Monster Serial: CREEPSHOW

Hello, boils and ghouls! October is upon us and that means one thing: HALLOWEEN! While most holidays get a measly day or two of formal recognition, orthodox Monster Kids prefer to celebrate it in the tradition of our people: By watching tons of horror movies. This month at THE COLLINSPORT HISTORICAL SOCIETY, we're going to be discussing some of our favorites every day until Halloween. So, put on your 3-D spex, pop some popcorn and turn out the lights .... because we're going to the movies!


CREEPSHOW should have been a dream come true for fans of vintage horror comics. Too bad it was released during a rare tsunami of amazing films, crushing its chances for survival back in 1982. When movies like BLADE RUNNER, TRON and THE THING can bomb, what hope does a little movie like CREEPSHOW have?
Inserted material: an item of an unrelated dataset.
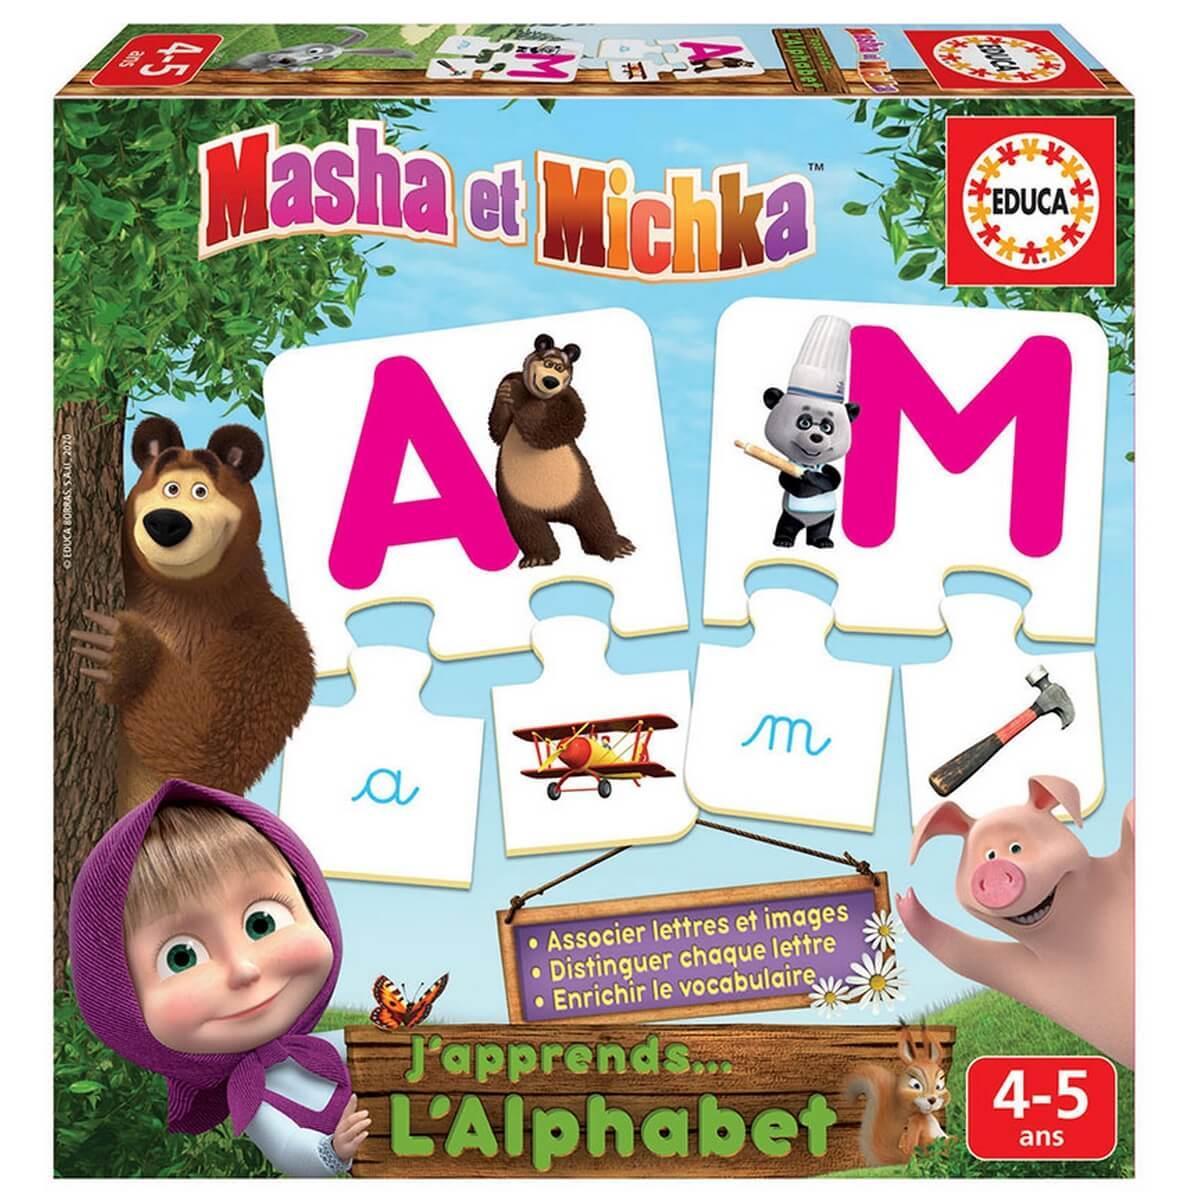 J'apprends l'alphabet : Masha et Michka

Even without the year's stiff competition, horror anthologies are a tough sell. Audiences rarely have the patience to sit through a film that introduces new stories and characters every 25 minutes and it doesn't really matter how much talent you throw at the problem. Whether it's GRINDHOUSE, FANTASIA or TWILIGHT ZONE: THE MOVIE, an anthology film just looks too much like a primetime block of television programming for some people. Those who stayed home to watch JOANIE LOVES CHACHI back in 1982 missed out on a real gem, though. CREEPSHOW is not only one of the better films to have writer Stephen King’s name attached to it, but one of the best to appear in director George Romero’s list of credits, as well.

CREEPSHOW adapts a fictitious comicbook made up of five short vignettes. As with E.C.'s TALES FROM THE CRYPT, most of the stories are Old Testament-style parables: A character does something incredibly rotten, and gets an ironic comeuppance in the end. It's a pretty basic formula.

Even so, the five stories that make up CREEPSHOW are all incredibly distinct. Romero put a lot of time into developing highly individual stories, and then populated them with the kinds of actors you usually don't see in this kind of campy homage. You could waste an evening arguing over who turns in the best performance here. Is it the testicle-destroying bitch goddess played by Adrienne Barbeau? The ridiculous moron played by Ed Harris. The Dickensian one-man show staged by E.G. Marshall in the movie's final tale?

For my money, the best performance comes from none other than Stephen King. While I doubt he spends a lot of time bragging about it, his performance has the kind of warped inspiration of someone who has no idea what they're doing. The illiterate hillbilly played by King in the movie's second act certainly didn't call for an actor like Daniel Day-Lewis (though that would be awesome, now that I think about it) but still required an actor with a tremendous amount of charisma. When there's only one actor on screen, the audience damn well better like him.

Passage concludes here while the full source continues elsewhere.